## The problem
The required output is the exact text of the lines from the line containing "Image of Little" through the final line below, inclusive, without pictures.

## Given material

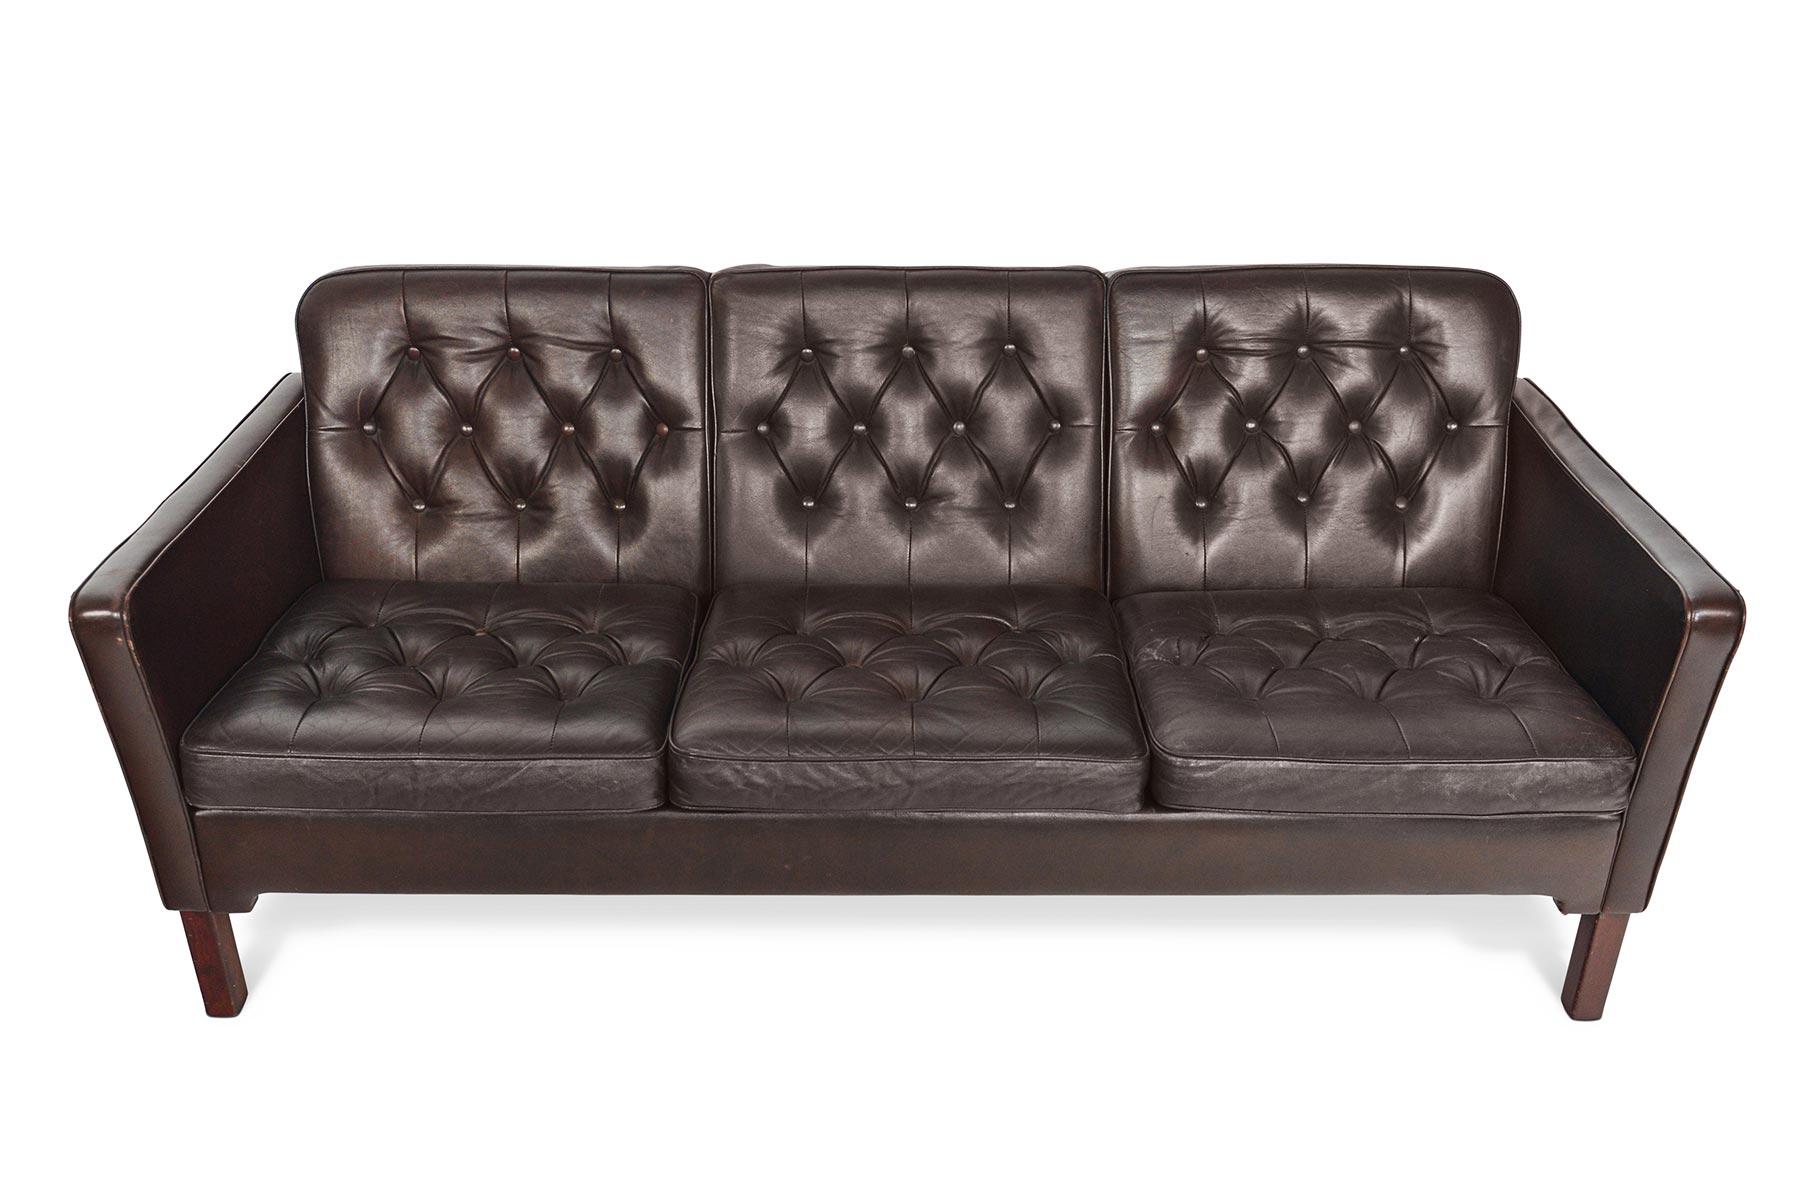 This stunning Danish modern chocolate brown patinated leather sofa offers rich detailing in a sleek, modern silhouette. This beautifully tapered frame holds six button tufted cushions. Sofa stands on stained beech legs. Upholstered on all sides. In
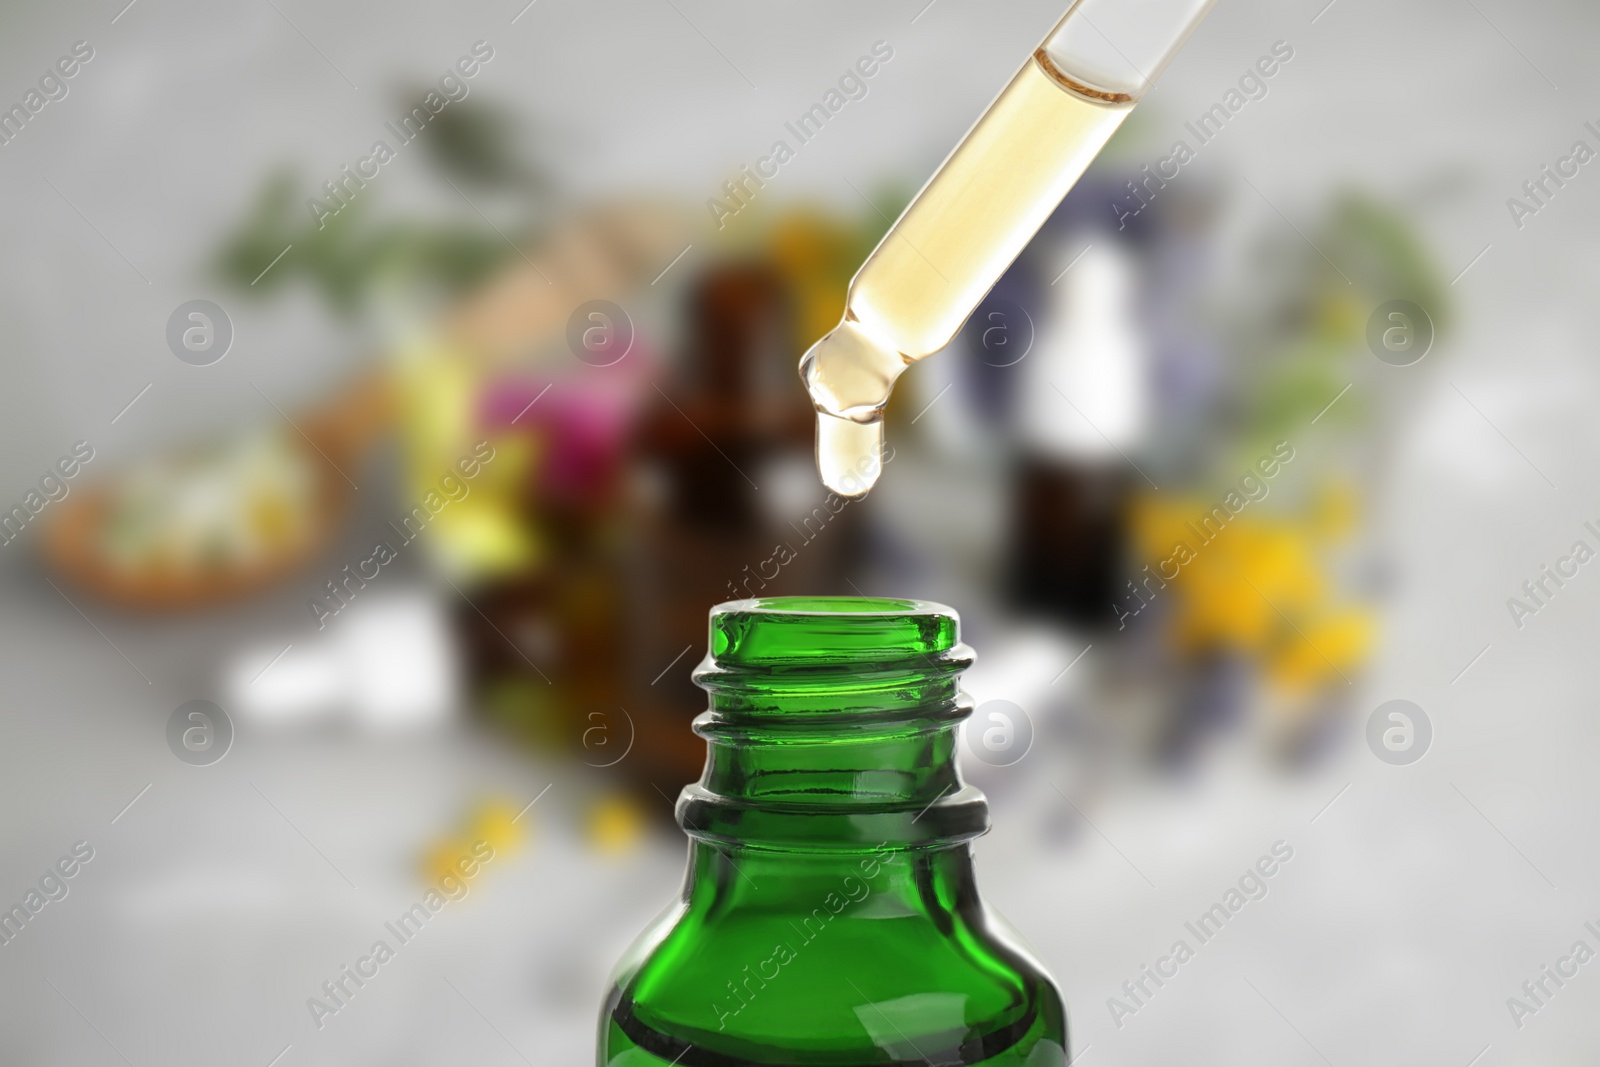 Image of Little bottle with essential oil and dropper against blurred background 
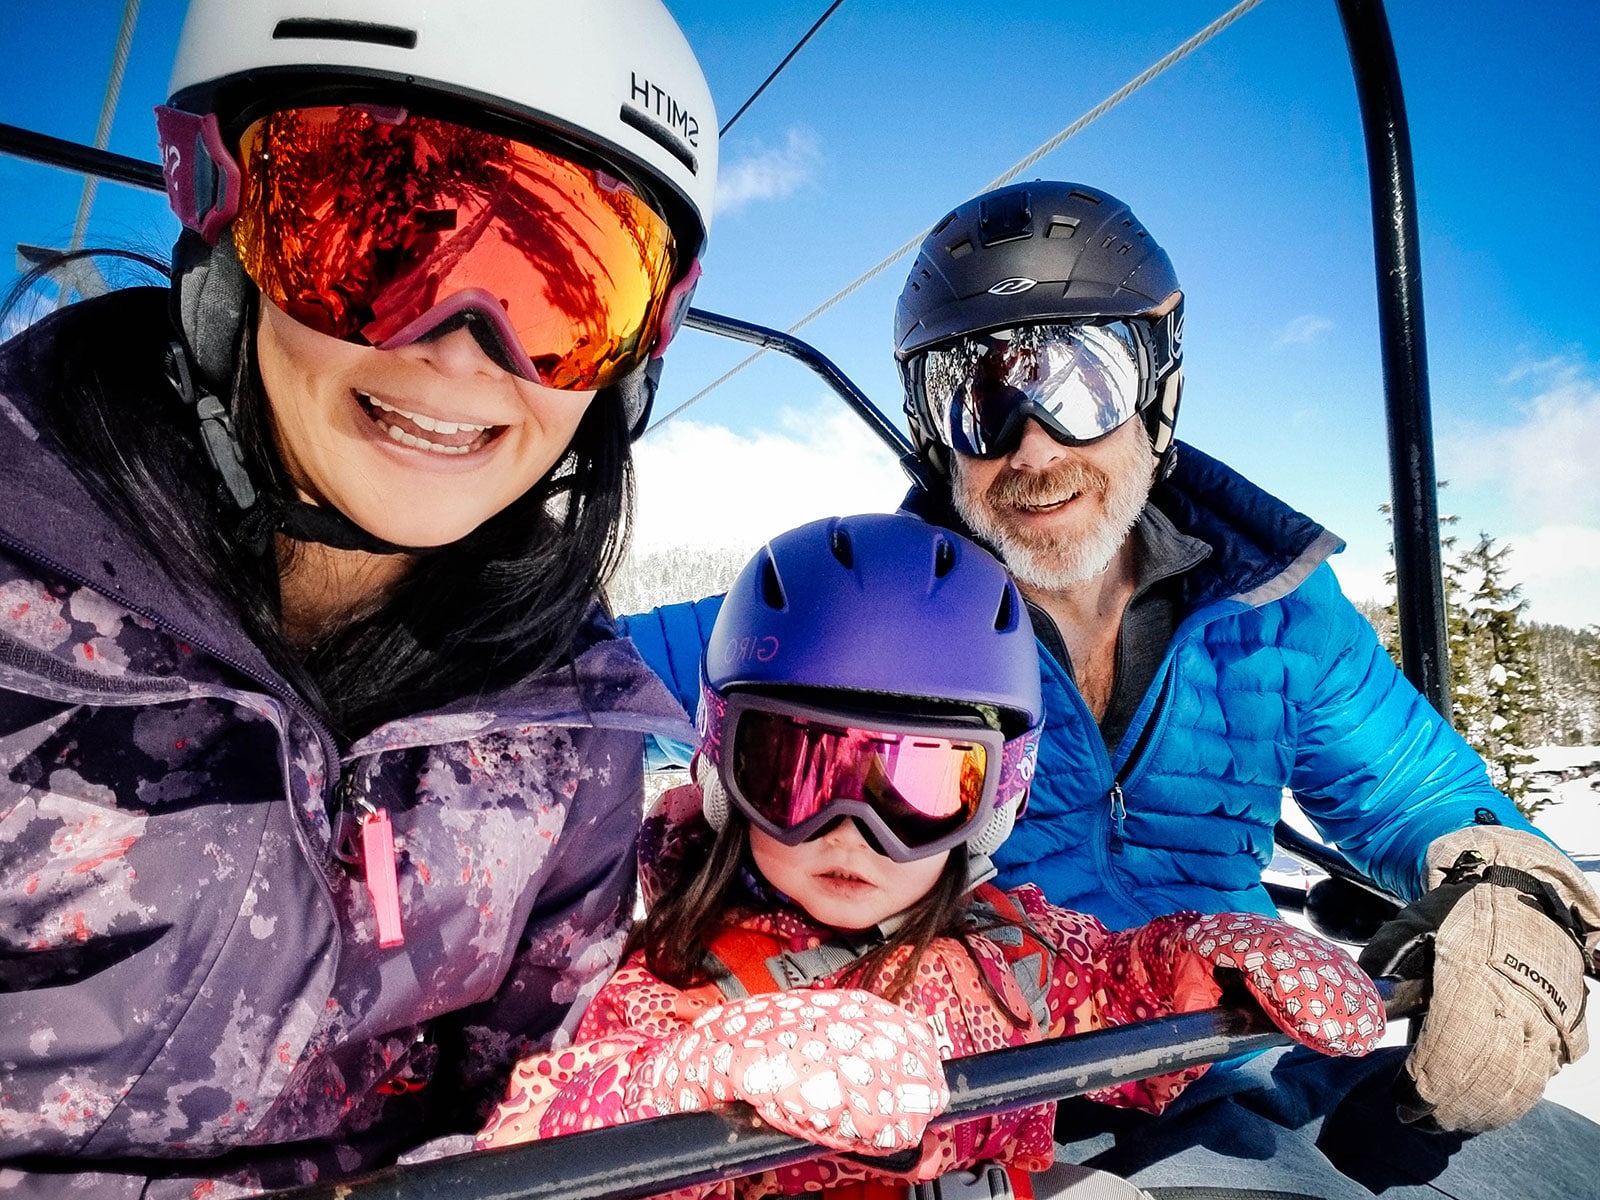 Mom and Dad riding a chairlift with a toddler
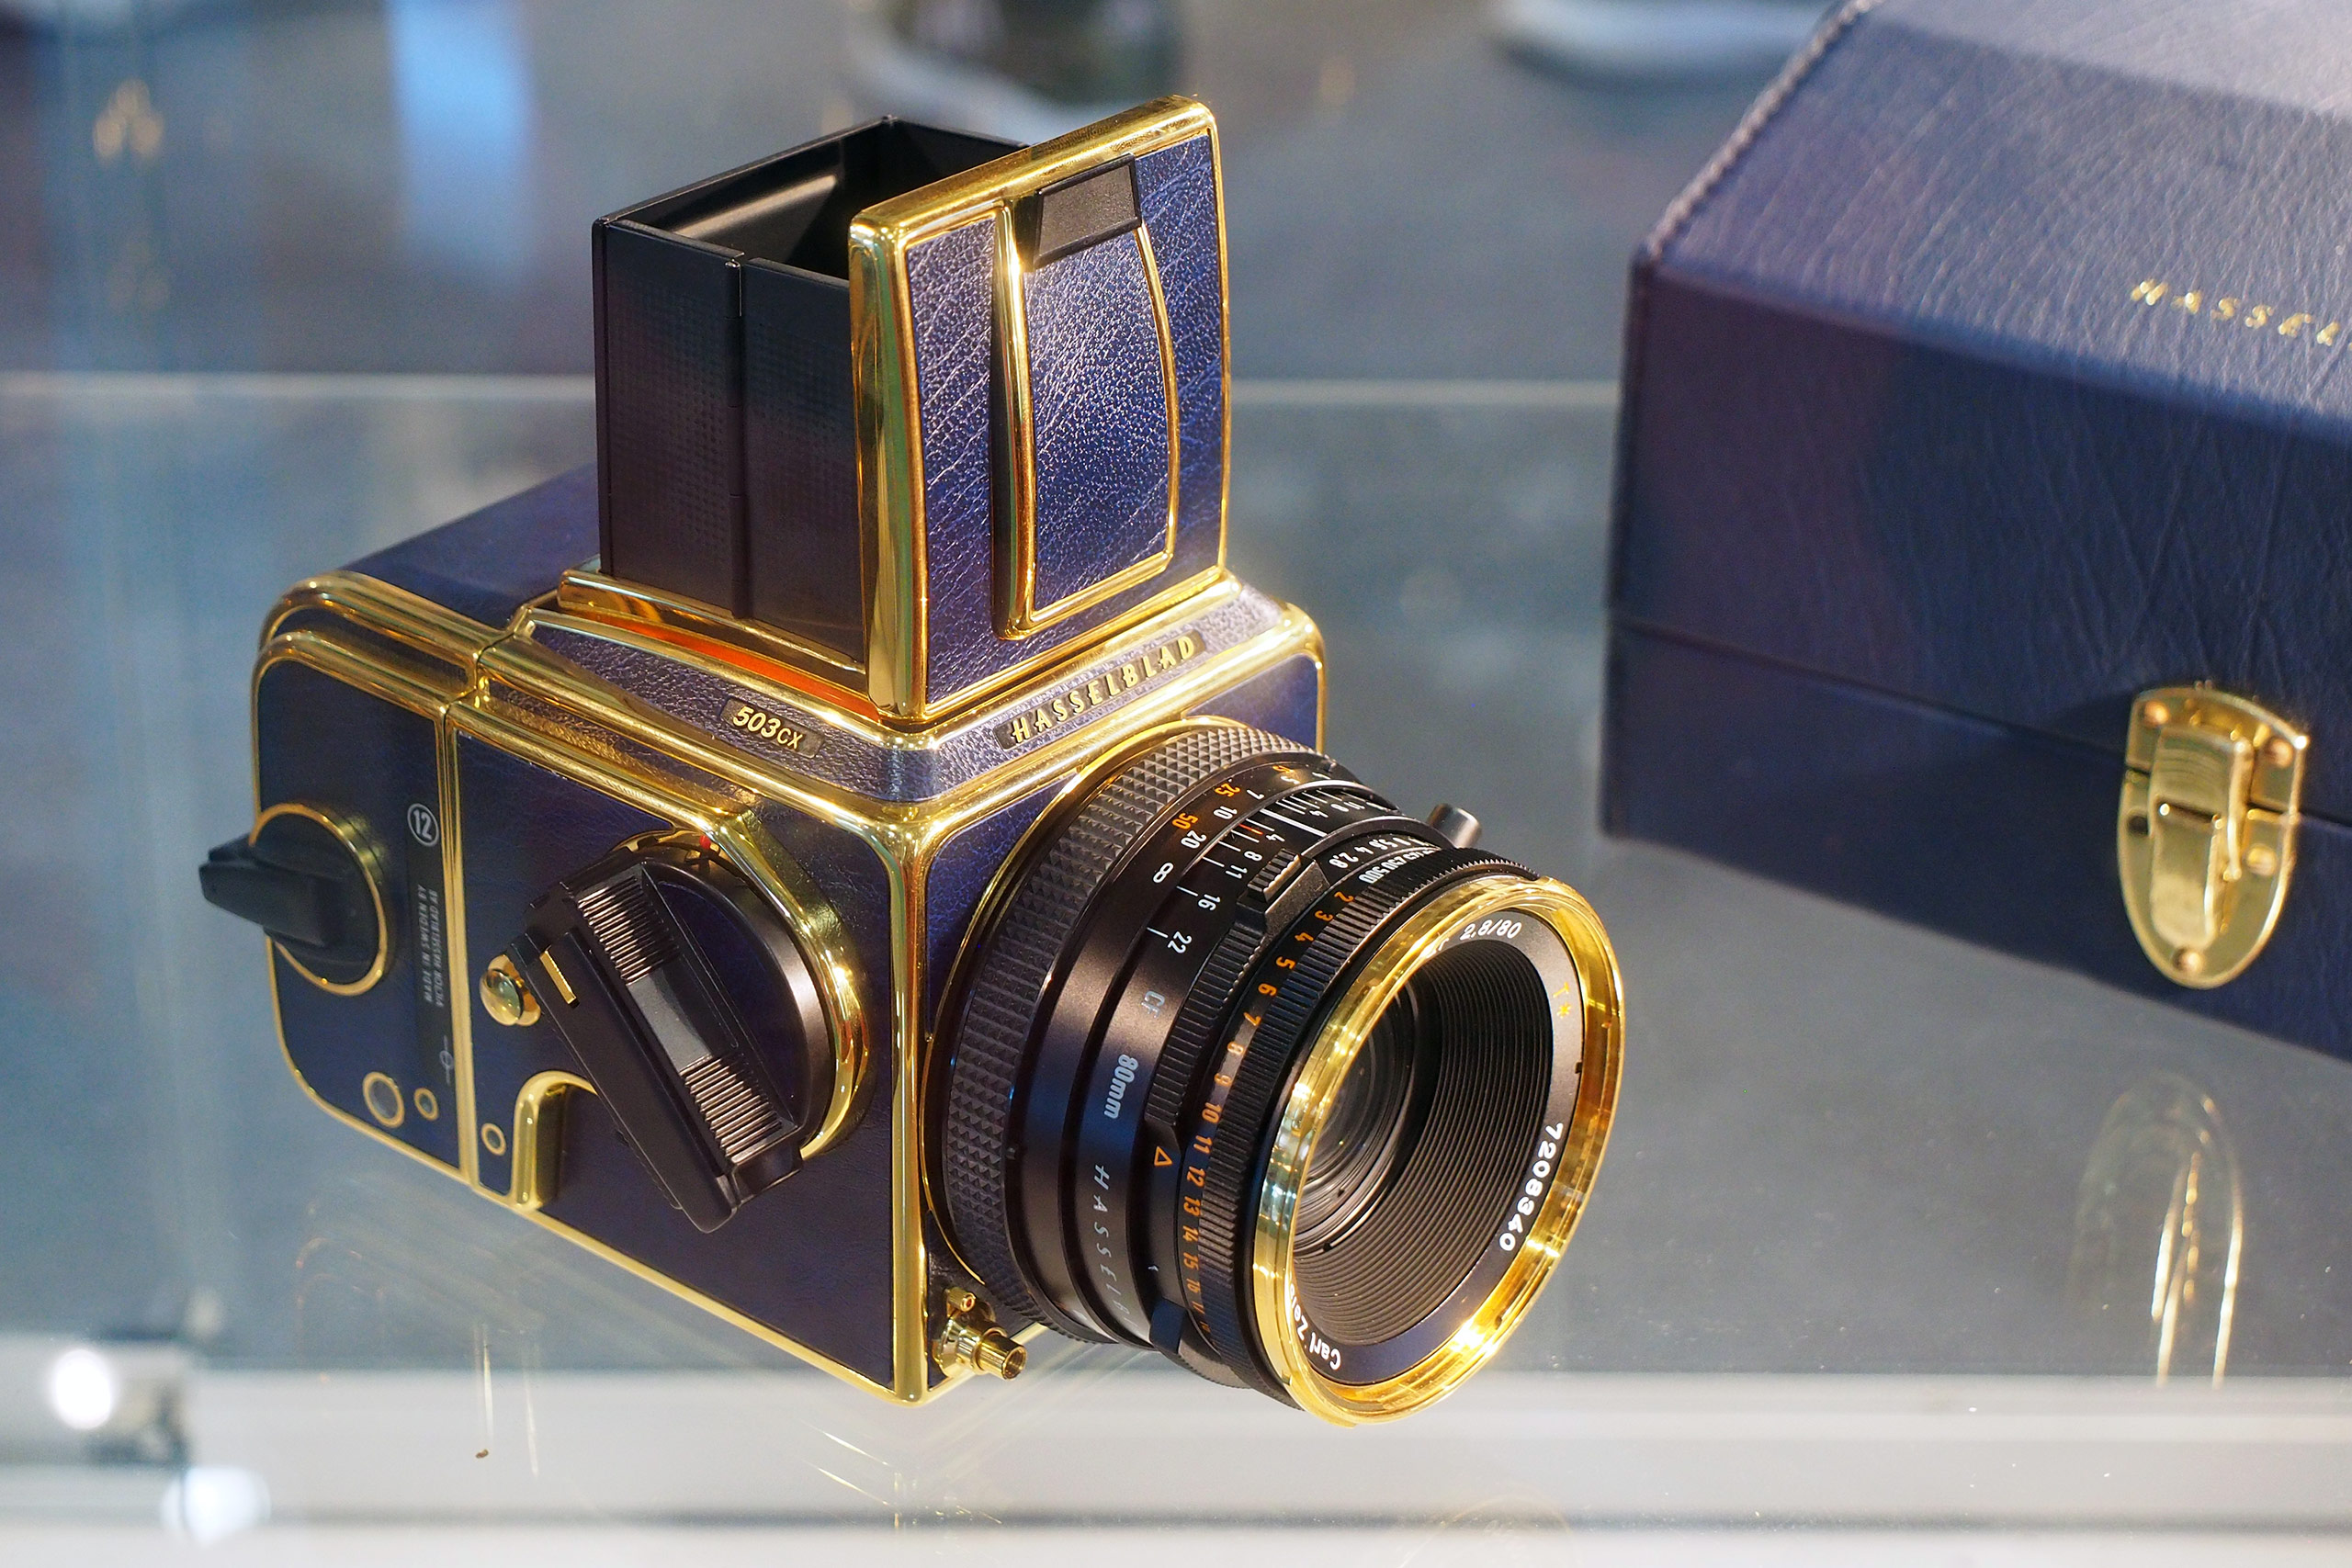 The gold Hasselblad 503cx, as shown by Flints Auctions at TPS 2022

## Exercise solution
 Image of Little bottle with essential oil and dropper against blurred background 
 Mom and Dad riding a chairlift with a toddler
 The gold Hasselblad 503cx, as shown by Flints Auctions at TPS 2022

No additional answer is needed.